What is the distinction between "early" and "late" selection as it applies to theories of attention (3 points)? What are the implications of this debate for the notion of "pre-attentive" or "pre-conscious" processing (3 points)? How do capacity theories of attention get around the "early vs. late" debate (4 points)?

Early- and late-selection theories of attention divide on the issue of where the attentional filter" or "attenuator" is placed – between physical and semantic analysis (early-selection), or after semantic analysis (late selection). Thus, they differ in terms of how much, and what kind, of information can be processed preattentively or preconsciously. Early-selection theories hold that preattentive processing is largely limited to aspects of physical structure, and that semantic analyses can occur only after attention has been devoted to a particular object selected on the basis of its physical attributes (spatial location, salience, etc.). Late-selection theories hold that semantic analysis as well as "perceptual" analysis is performed preattentively; attention is required for the selection of a response to the stimulus, not for selection of the stimulus itself. Capacity theories get around this notion by abandoning reference to any sort of filter or bottleneck: processing is flexible, depending on the cognitive resources available to the person and the cognitive resources demanded by the task(s) at hand. If processing has been automatized, that processing – whether "perceptual" or "semantic" in nature -- can be carried out preattentively, in the sense that it makes no demands on cognitive resources. Semantic processes may not be innately automatized, and they may be difficult to automatize, but once they are automatized they can be carried out preattentively.

 

How is automaticity defined in cognitive psychology (3 points). How do we know whether a process is automatic or effortful (3 points)? How does automaticity bear on our understanding of consciousness (4 points)?

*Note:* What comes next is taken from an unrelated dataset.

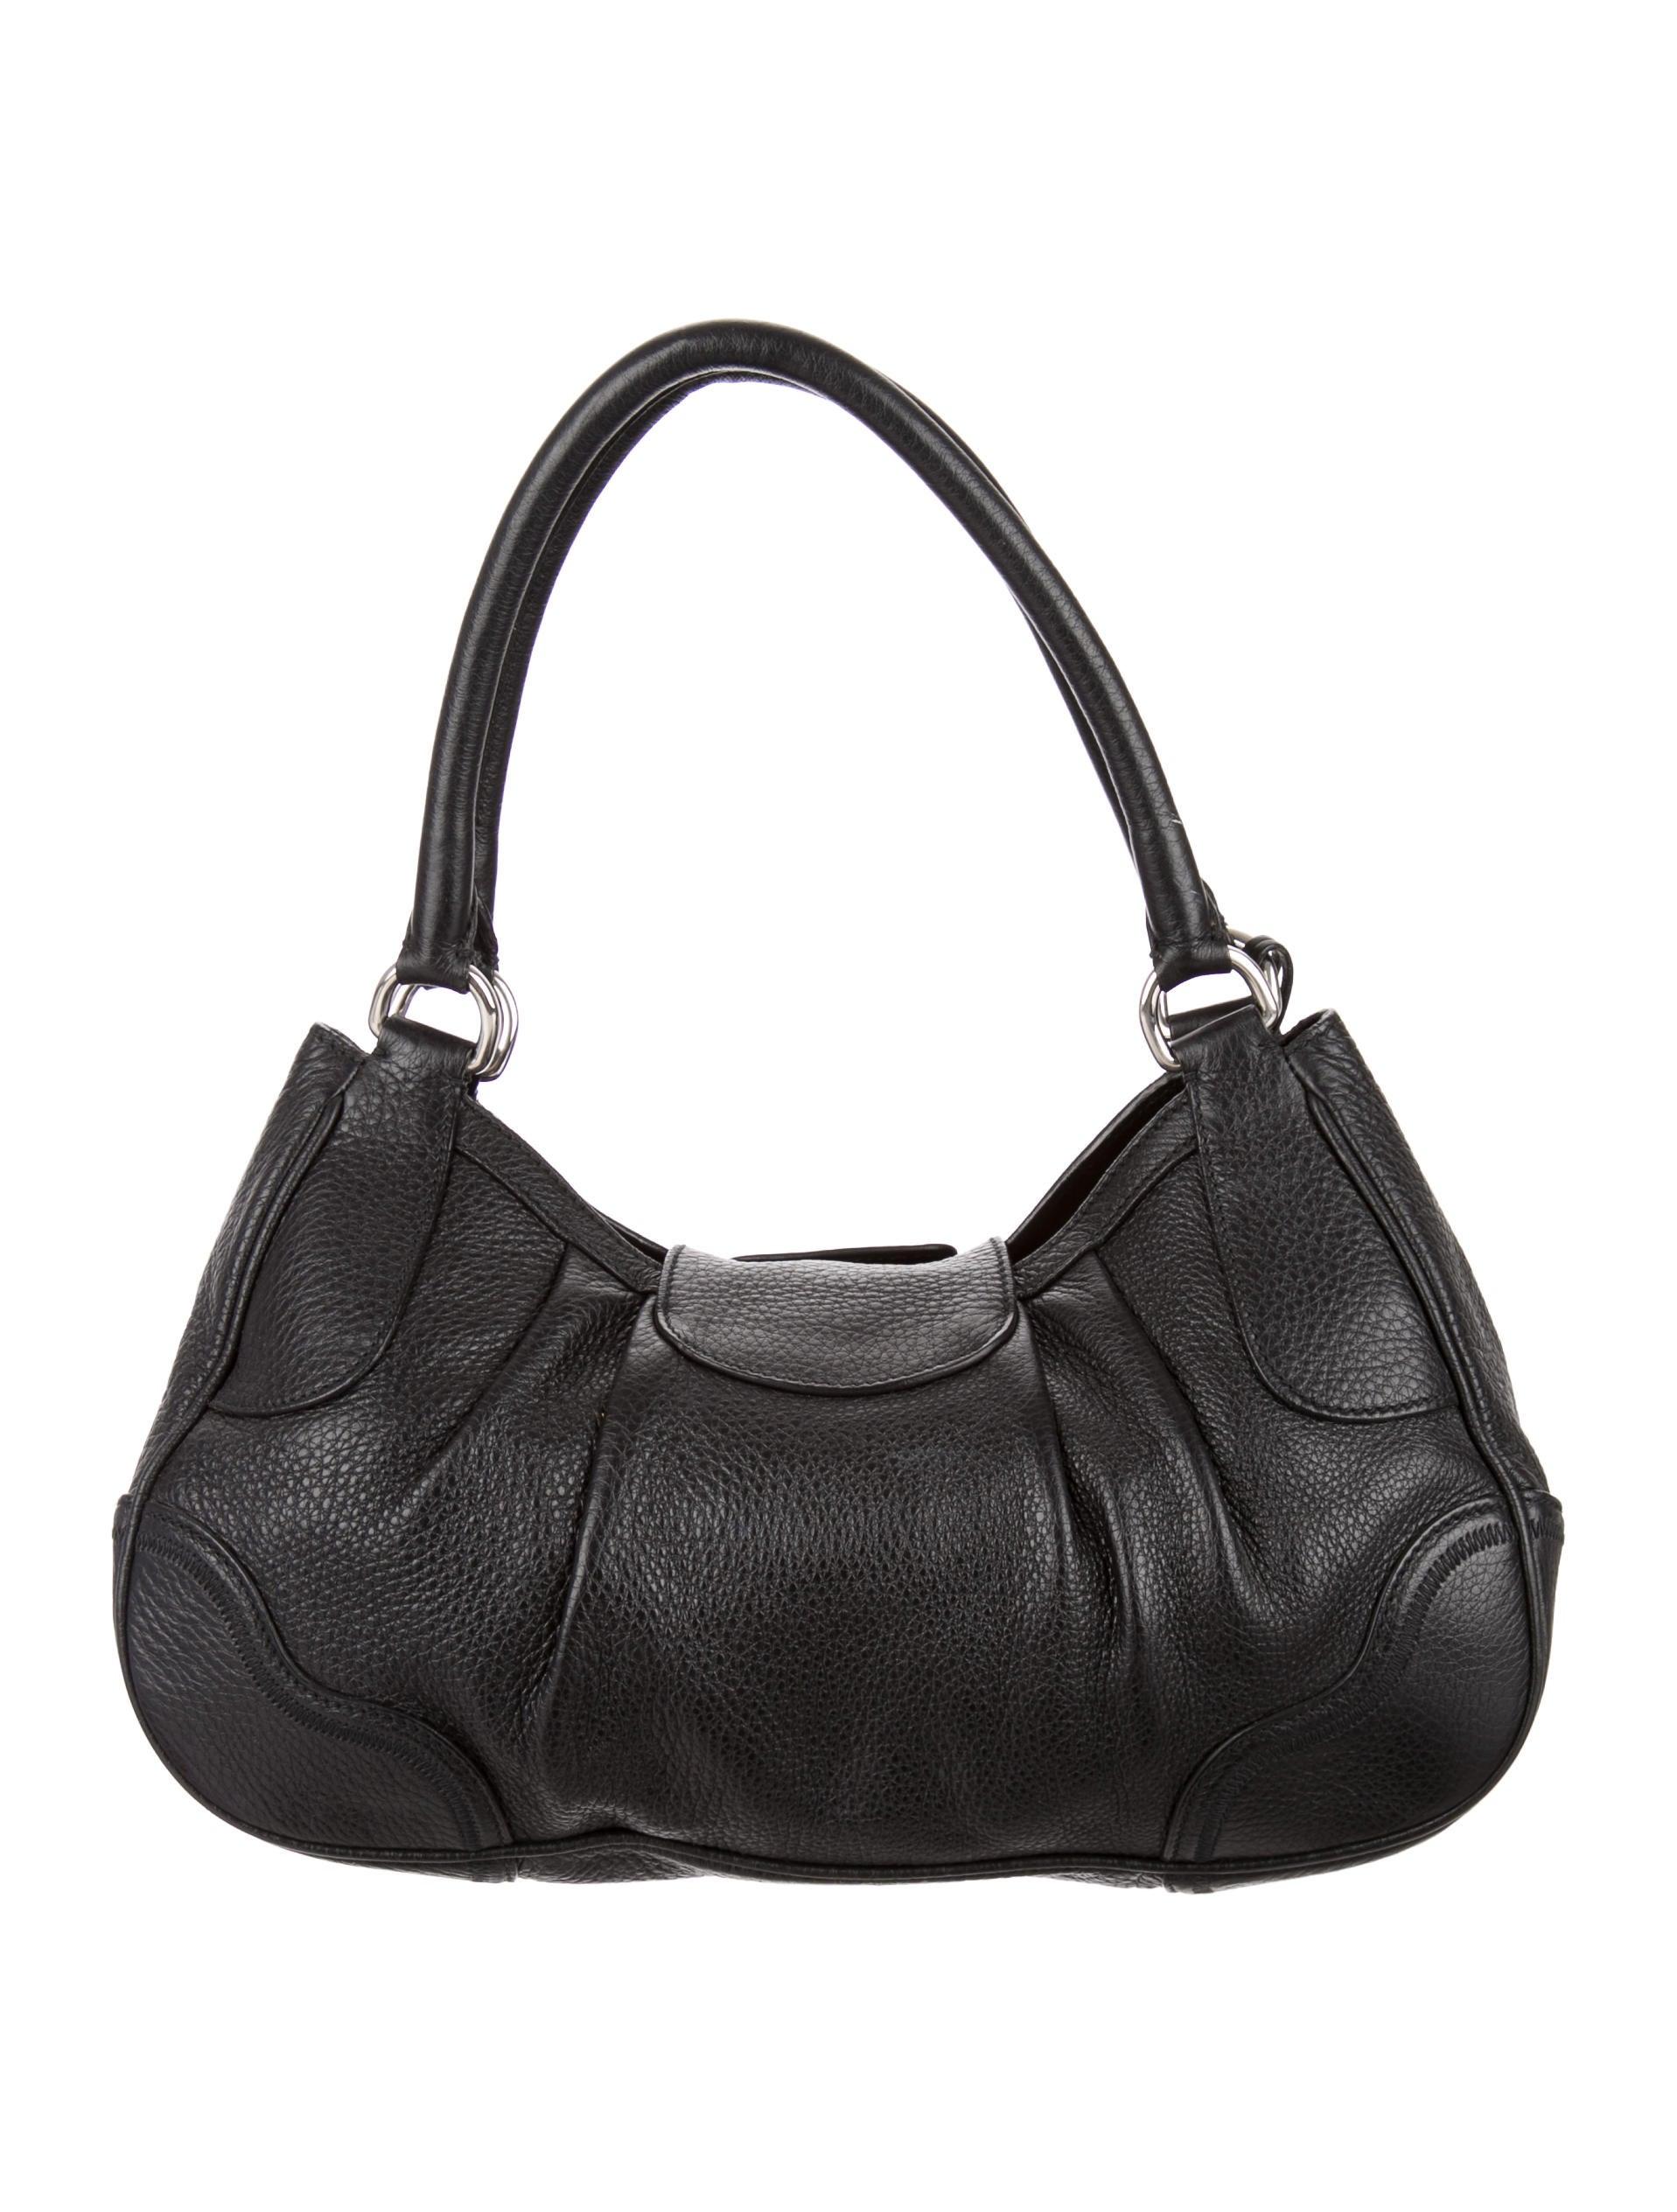 Prada Pebbled Leather Hobo - Handbags - PRA85564 | The RealReal

Automaticity are defined as those that (1) are executed independent of the person’s conscious intentions; (2) make no (or very few) demands on cognitive resources; and (3) are performed outside of conscious awareness. Mostly, we know whether a process is automatic or not depending on whether it is independent of the cognitive load placed on the person by ongoing tasks. This is another way of saying that automatic processes do not interfere with other ongoing cognitive processes. Other criteria, such as independence of intention and lack of awareness, tend to be discounted because they are too "mentalistic" in nature. Independence is something that can be measured objectively. Nevertheless, automaticity bears on consciousness because it was the first, and most widely accepted, scientific approach to unconscious mental life. The fact that some processes are performed automatically means that there are some aspects of mental life that are unconscious, in the sense that they are performed outside of conscious awareness and conscious control.